You know, there's a little bit of fudging with that, but so be it. Yeah, so that's also good. Like found footage and possession? Well, now we got something. Now we're talking about a horror movie, folks. Then you get to the meat of it. It is the movie, like entertaining and scary and all of that stuff. Performances are amazing. David S. Maltzian is incredible in it. It's got a real look to it.

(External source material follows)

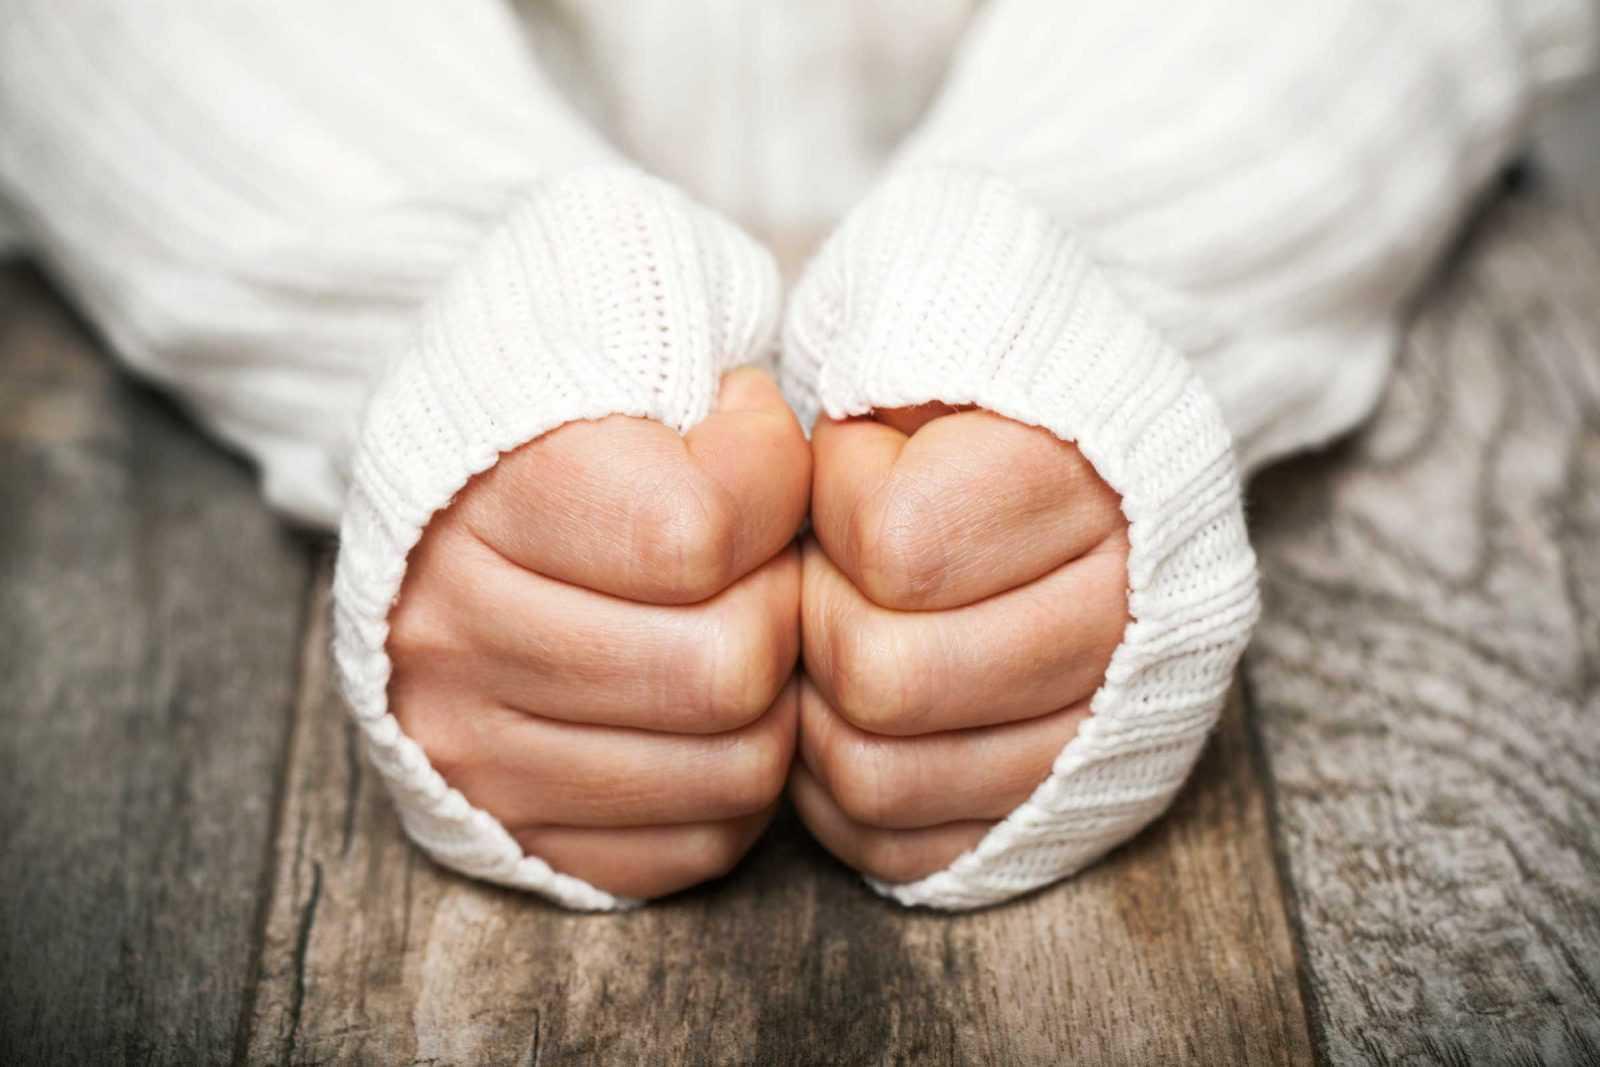 سردی دست و پا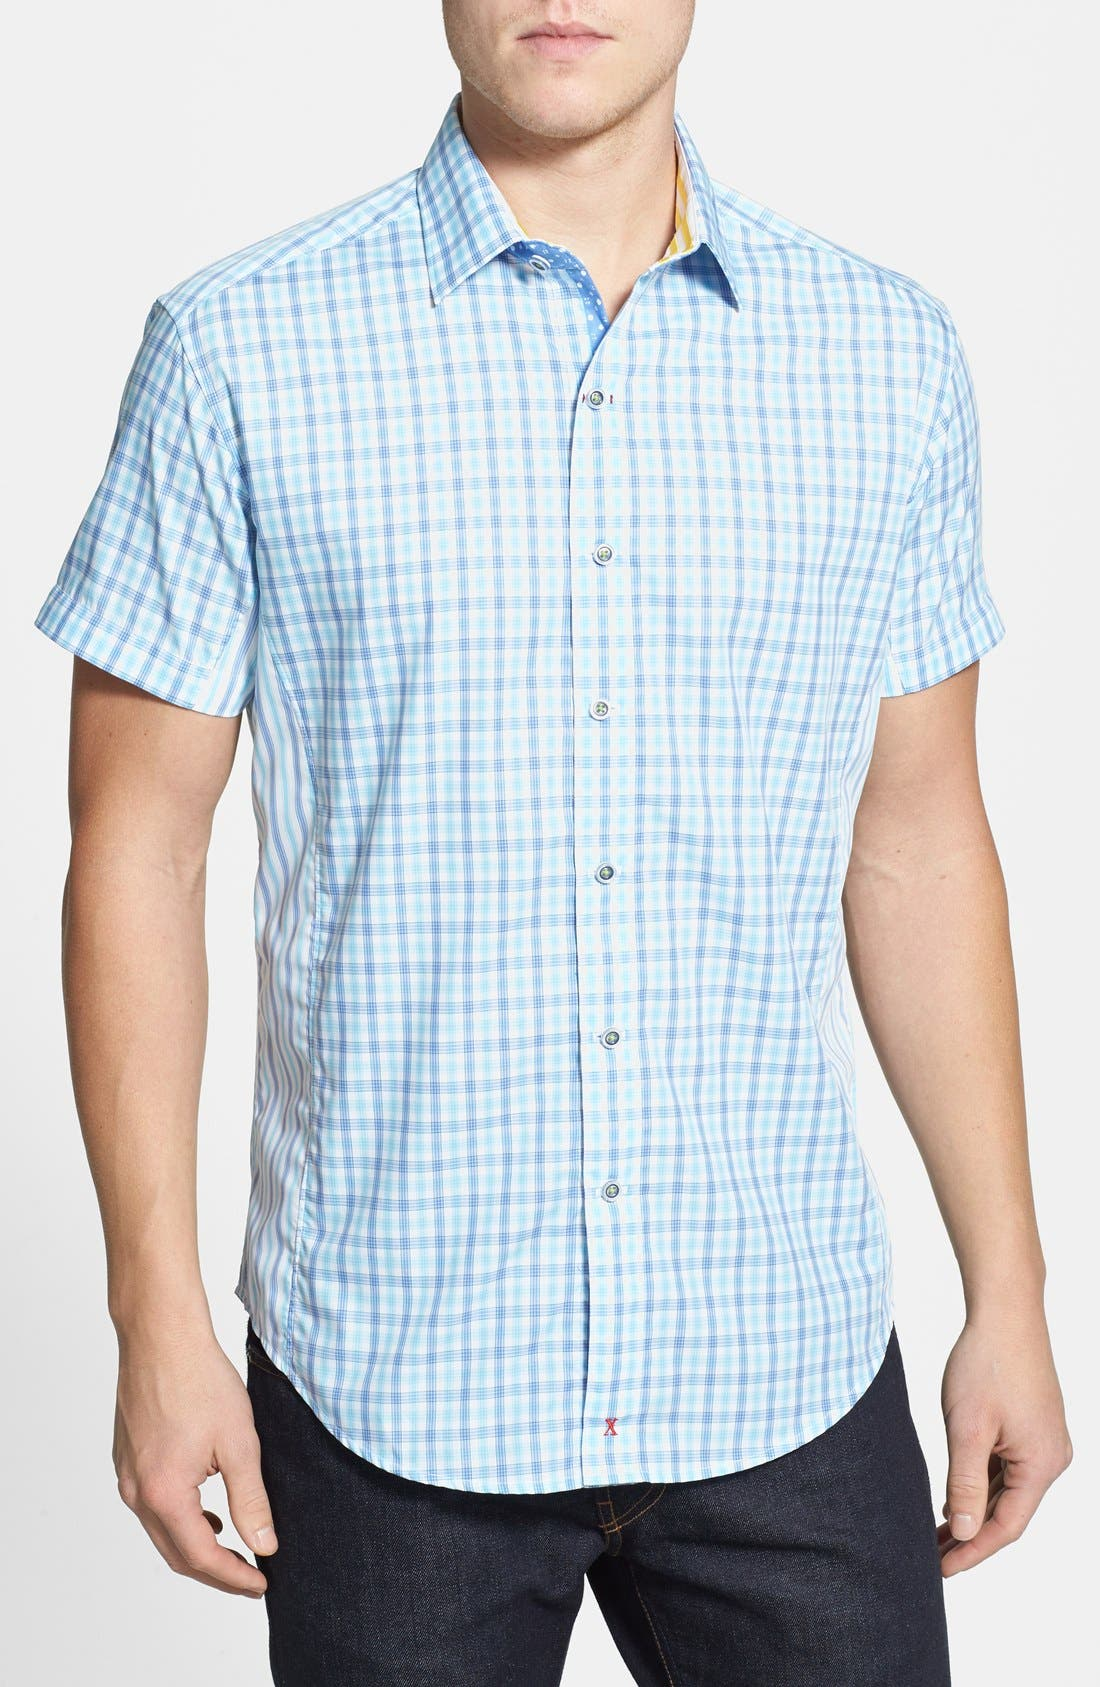 Alternate Image 1 Selected - Robert Graham 'Fields' Tailored Fit Sport Shirt

It definitely shoots for that 70s aesthetic and I think really nails it, both with the look of the film and also the performances and the way that people behave on television, which is, it sounds weirdly specific, but also people weren't like they are on TV now in the 1970s. It was much more of a performance when you came on a talk show and so there's a little bit of that. And so all of that stuff is really, really good.
I think the biggest problem with it is it never really achieves greatness, even though the premise... Everything that you will see in Late Night with the Devil, you've kind of seen other places. And I think my pal Duncan said the same, that it doesn't really break new ground in the way that Ghostwatch did or going back to the War of the Worlds broadcast, that kind of faux mockumentary style, like Lake Mungo even presents itself as a pretty straight documentary. And this has little bits of that.
It's a movie that is a bit of a magpie, where it collects all these other ideas and things from other movies and puts them together in a way that's really fun and really entertaining. And there are moments where it really kind of goes for it, and that's really. But it's like it reaches high orbit, but it never breaks atmosphere completely, as far as just being a really effective kind of thriller. But it's good. It's good.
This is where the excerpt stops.